Trimble Supports Sino American Survey Competition to Highlight International Surveying Skills
Surveying teams from China and the United States gathered this week for an international surveying competition outside of our nation’s capital.
The competition, which brings together teams of 18 surveyors from each country Nov. 13-16 in Northern Virginia, is organized by the Beijing Municipal Federation of Trade Unions in China, the National Society of Professional Surveyors (NSPS) in the U.S., and the America and China International Foundation.
The surveying teams will compete both in the field and through a written test. The field exercise, originally planned on the National Mall to culminate in measuring a point at the top of the Washington Monument, was moved due to inclement weather to the National Geodetic Survey’s Corbin Training Center in Woodford, Va.
According to Qiang Fu, market manager, Trimble is supporting the event together with its local dealer, Keystone Precision Instrument, by supplying all of the competition’s necessary equipment, along with a first-day tutorial for all participants. The Trimble S7 Robotic Total Station, Trimble TSC7 Controller, Trimble R10-2 Integrated GNSS System and Trimble DiNi Level are just a few of the instruments participants will utilize throughout the competition.
“Every year, the Beijing Municipal Federation of Trade Unions sponsors competitions for various trade professions to build relationships and understanding between China and other countries,” Fu said. “This year, they decided to involve geospatial surveyors in the United States.”
For the competition, groups of three surveyors from each country’s team will work on the field component and use their skills to determine a point known only to the judges.
In consideration of the differentials between the various types of surveying conducted in both the U.S. and China, the underlying basis of this week’s competition focuses on surveying activities common to both teams, according to details from the NSPS. The written portion of the competition consists of 100 short-answer questions previously agreed upon by Chinese and U.S. delegation leaders.
Also helping with the event from Trimble are Chip Berniard (technical sales NE USA/Canada) and Hughes Chen (software support). Chris Guagliardo (support specialist and certified trainer) is assisting from Keystone Precision Instrument.
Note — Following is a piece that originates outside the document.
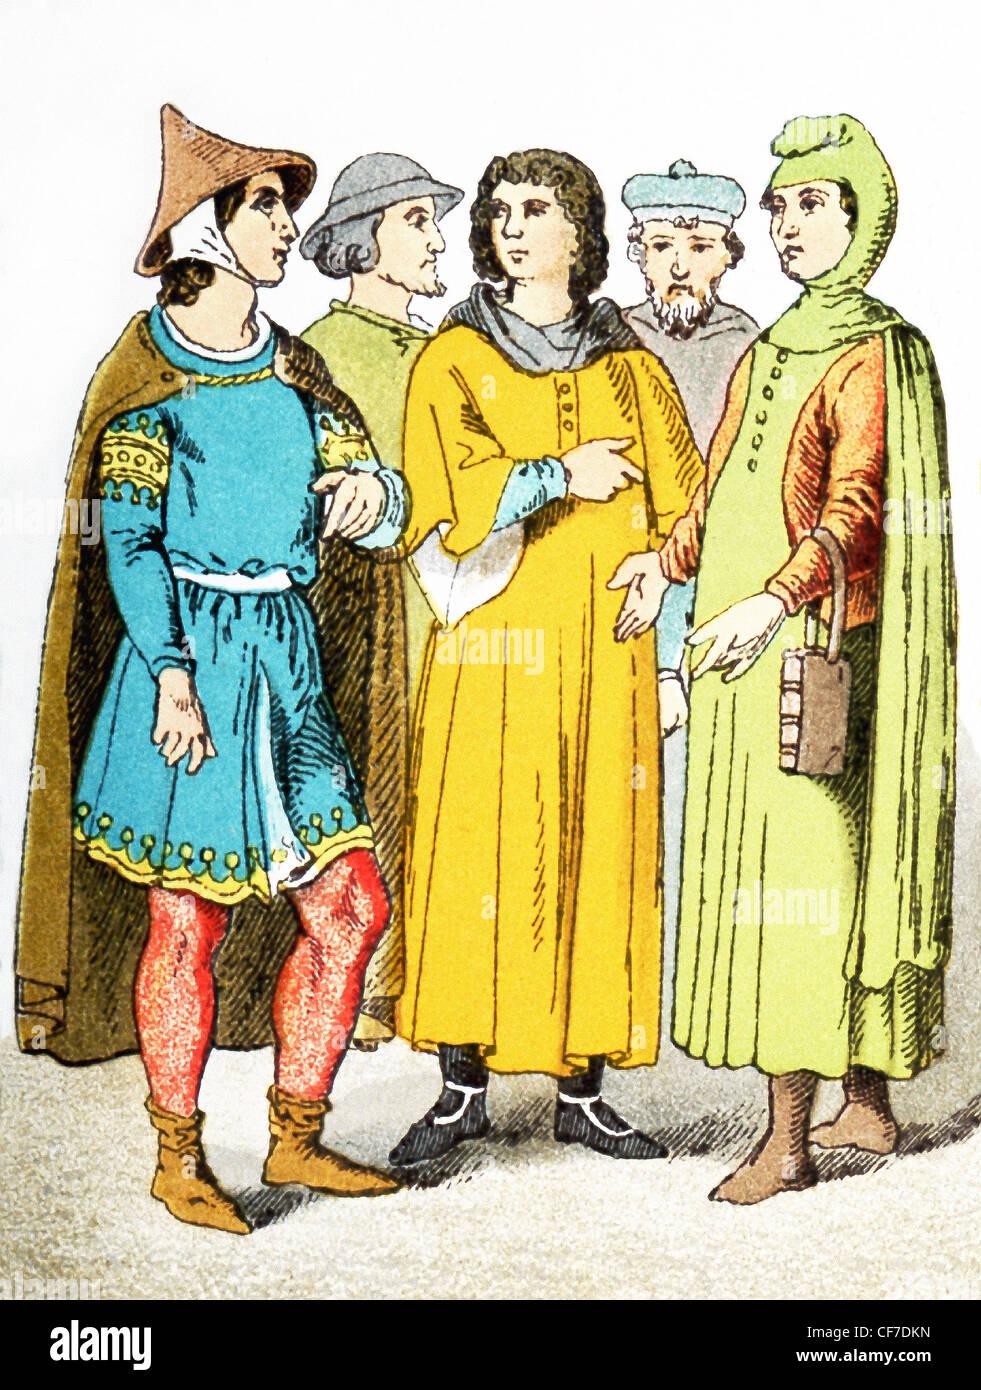 Die Zahlen in der Abbildung stehen fünf Franzosen um 1200 n. Chr.. Die Abbildung stammt bis 1882. Stockbild

Below are brief descriptions of three “field” surveying aspects of the competition. Note: there is no particular order in which each team must accomplish them:
- Leveling - The most accurate methodology for the determination of the difference in height between two points. The procedure requires a leveling instrument and, generally, two graduated level staffs. A team of three surveyors will choose what it considers to be the most efficient way to perform these measurements. The three survey control marks selected in the area of the competition have very accurate data published for them and will be used as the starting and ending points from which each team will determine the height for their new point.
- Traverse - This measurement process requires the use of a total station and at least one range pole with a glass reflector. The traverse technique will allow each team to determine the horizontal coordinates – latitude and longitude and UTM values – for their new point by measuring angles and distances from the three survey control marks. They each have high accuracy horizontal positions already published.
- GNSS - These measurements will showcase each team’s ability to utilize the network of Global Navigation Satellites to independently determine the latitude, longitude and ellipsoid height of their new point. The teams will be provided with at least two methods to accurately perform positioning with a GNSS receiver to validate the horizontal coordinates as previously determined by traverse and height as performed by the leveling. Each team will have a dual frequency GNSS receiver and be provided with access to the Trimble regional real-time network, as well as the option of checking those values by submitting their GNSS observations to the National Geodetic Survey's Online Positioning User Service (OPUS).